I'm wondering if they are referring to OTA.


----------



## volkl (Jun 17, 2007)

I don't know for sure. But when I asked the customer service employee, who read the notice verbatim, what the date of the notice in the system was, she said 4/17/14. 

I have two episodes of CBS Survivior, one over a week old, and the one yesterday. Both are watchable on the DVR, and perhaps watchable in the home network on the ipad, but both cannot be downloaded to be watched later on the mobile device.

I was aware of the PPV, VOD limitations, but the customer service employee read the now local broadcast shows cannot be downloaded.

-V

The CBS shows were OTA, but not ATSC, they were from D* rebroadcast.


----------



## peds48 (Jan 11, 2008)

I am preparing Cosmos from Fox and so far so good


----------



## dennisj00 (Sep 27, 2007)

This may be related to the 'Live Streaming' problem from another thread . . . I just requested DAFI to transcode a CBS 'Criminal Minds' about 10 minutes ago and nothing is happening.

Edit: My mistake, that DVR was busy.

'Nashville' from ABC last night is preparing. Maybe we need a better definition of 'Local'.


----------



## trh (Nov 3, 2007)

I recorded tonight's episode of BBT from our local NBC station, transcoded it and loaded onto my iPad. Works fine.


----------



## RAD (Aug 5, 2002)

Transcoded Hells's Kitchen from local Fox, downloaded and it played just fine.


----------



## volkl (Jun 17, 2007)

Glad that what the CSR said is not completely accurate.

Don't know what is going on.

Can anyone transcode/download a CBS show?

-V


----------



## dpeters11 (May 30, 2007)

I'm transcoding one now

Transcoded and downloaded, no issues. 

Sent from my iPad using Tapatalk


----------



## trh (Nov 3, 2007)

volkl said:


> Glad that what the CSR said is not completely accurate.
> 
> Don't know what is going on.
> 
> ...





trh said:


> I recorded tonight's episode of BBT from our local NBC station, transcoded it and loaded onto my iPad. Works fine.


I'm sorry. I must have been paying more attention to the hockey than to what I was typing.

Obviously BBT (Big Bang Theory) is on CBS, not NBC (if BBT was on NBC, they would have cancelled it years ago).


----------



## eileen22 (Mar 24, 2006)

I downloaded Grey's Anatomy (ABC), recorded last night (not OTA), and it plays fine on GenieGo app on iPad. 

I hope this functionality isn't being taken away, especially for ABC and CBS, who don't put their shows up on their mobile apps right away (or at all).



Sent from my iPad using DBSTalk mobile app


----------



## dpeters11 (May 30, 2007)

It really wouldn't make any sense, other than true OTA with an AM21 etc.


----------



## trh (Nov 3, 2007)

dpeters11 said:


> It really wouldn't make any sense, other than true OTA with an AM21 etc.


But in RAD's review of the GG2, he said they have added OTA when using an AM21.


----------



## RAD (Aug 5, 2002)

trh said:


> But in RAD's review of the GG2, he said they have added OTA when using an AM21.


And it was still working as of last night for OTA via the AM21.


----------



## volkl (Jun 17, 2007)

volkl said:


> ...
> I have two episodes of CBS Survivior, one over a week old, and the one yesterday.

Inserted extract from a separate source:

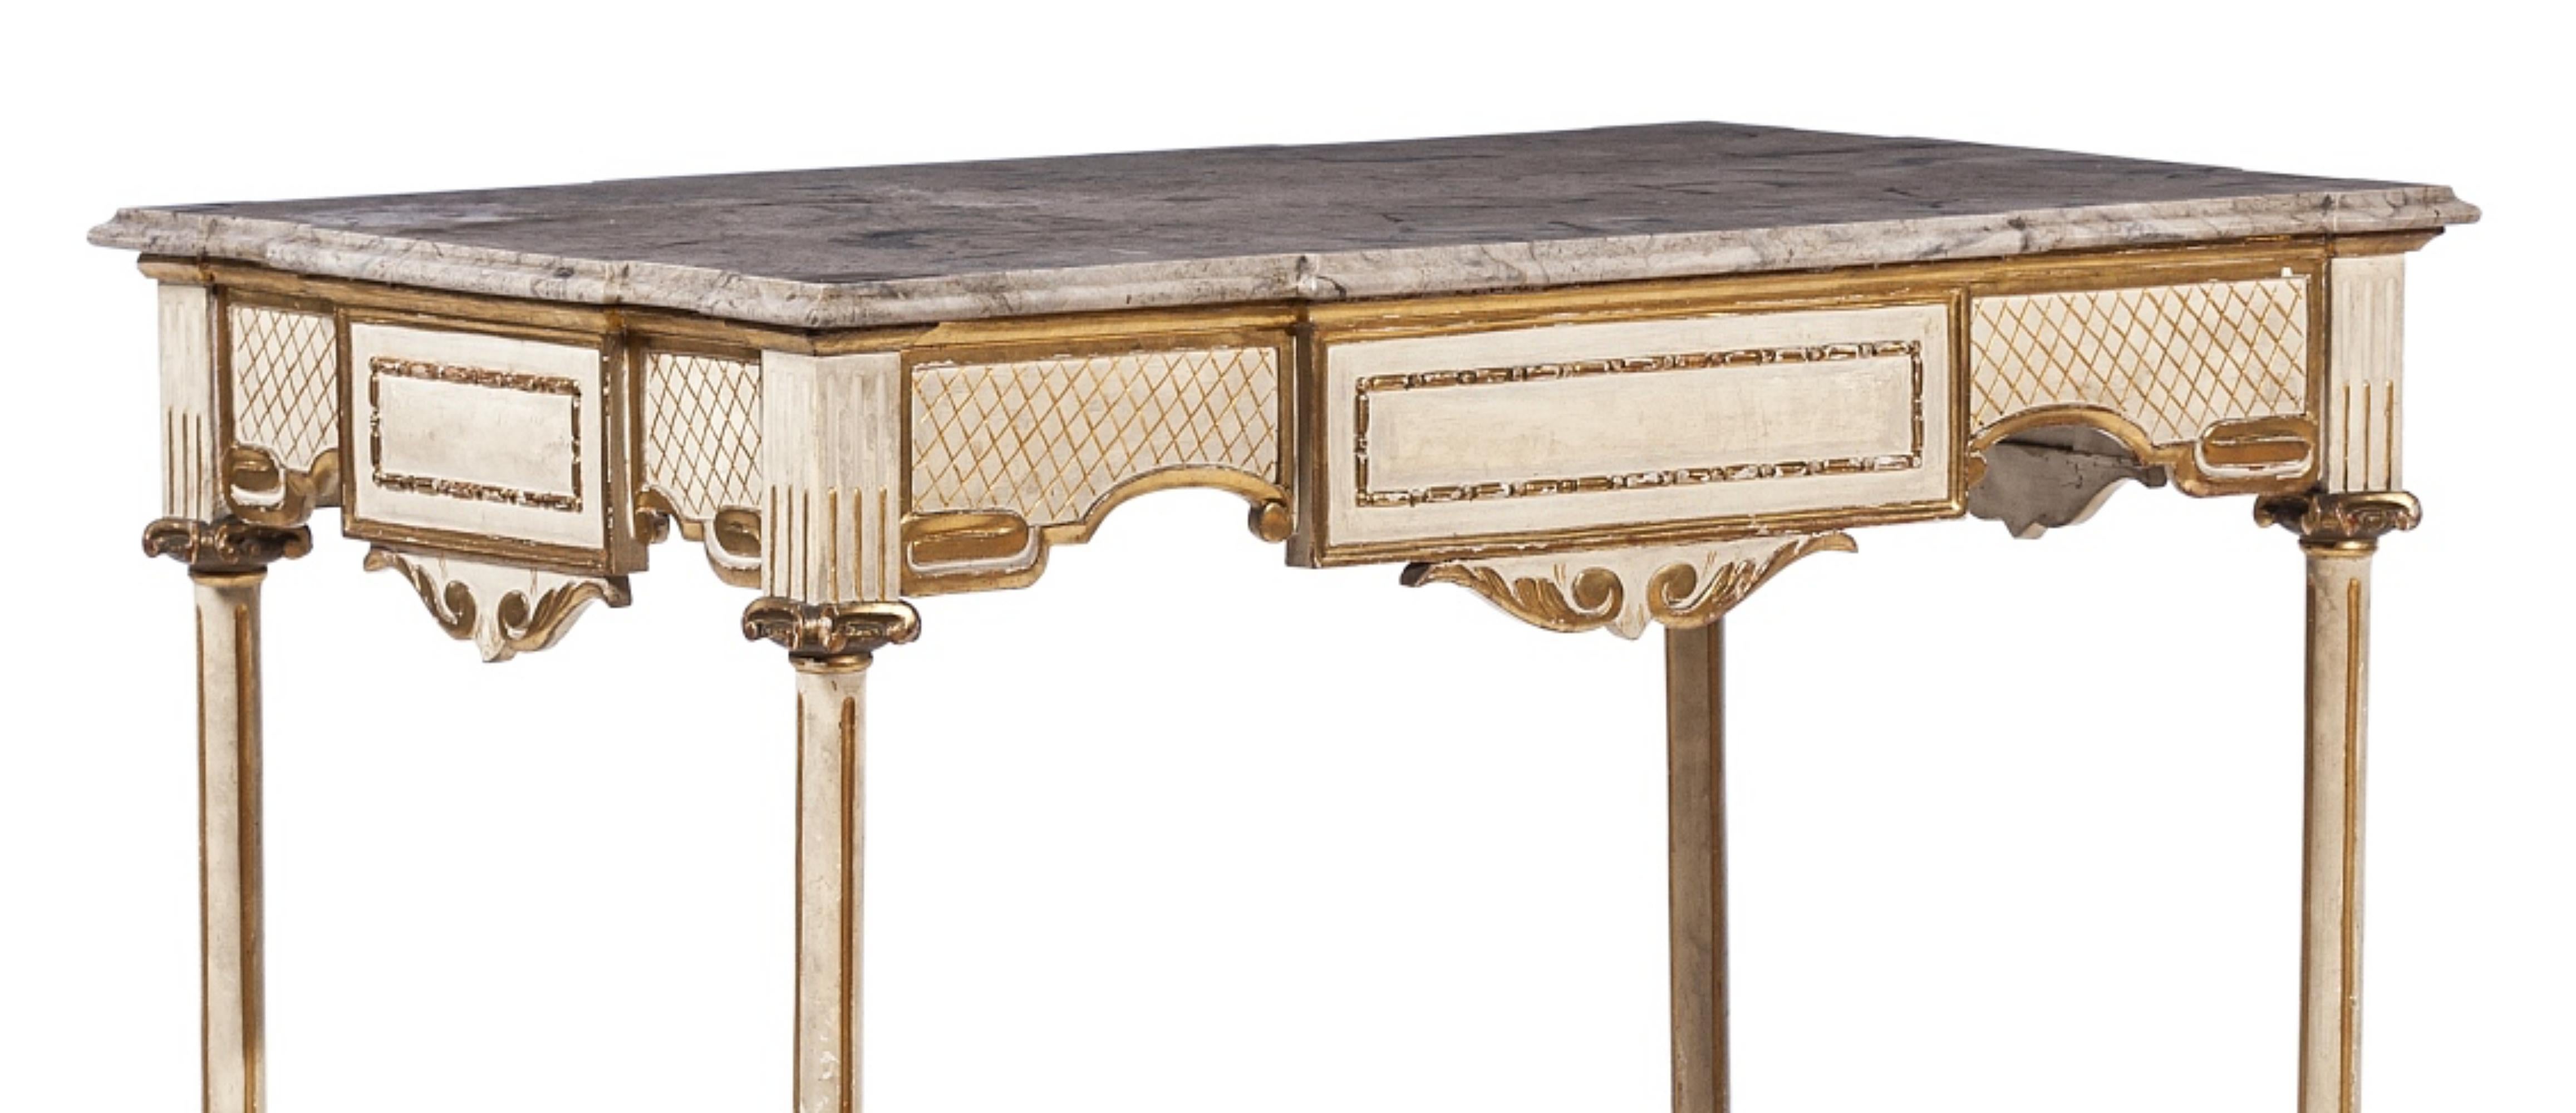 Hand-Crafted Center Table French, Early 19th Century Louis XV Style For Sale

Both are watchable on the DVR, *and perhaps watchable in the home network on the ipad*, but both cannot be downloaded to be watched later on the mobile device....


Both episodes of CBS Survivor are NOT available to download or watch on the iPad (in home network, not Out-of-Home Access). Cannot find another program that behaves this way on the DAFI.

-V

Using DAFI v 2.6.5


----------



## Sully (Dec 5, 2005)

I just discovered that Agents of Shield doesn't show up in my list of programs that can be downloaded to my iPhone. I'm using GenieGo and other programs from that same DVR show up. Strange! I'm going to restart everything (DVRs, Nomad) in the morning and see if that resolves it.


Sent from my iPhone using DBSTalk


----------



## Sully (Dec 5, 2005)

No go. I can't get Agents of Shield to show up on my list of available programs to download. All other programs recorded from each of my 3 DVRs do show up. Is this by design? Are there new restrictions in place to limit the shows that are available to download?


Sent from my iPhone using DBSTalk


----------



## volkl (Jun 17, 2007)

After the firmware update, the newest episode of Survivor is able to be downloaded to a mobile device.

-V


----------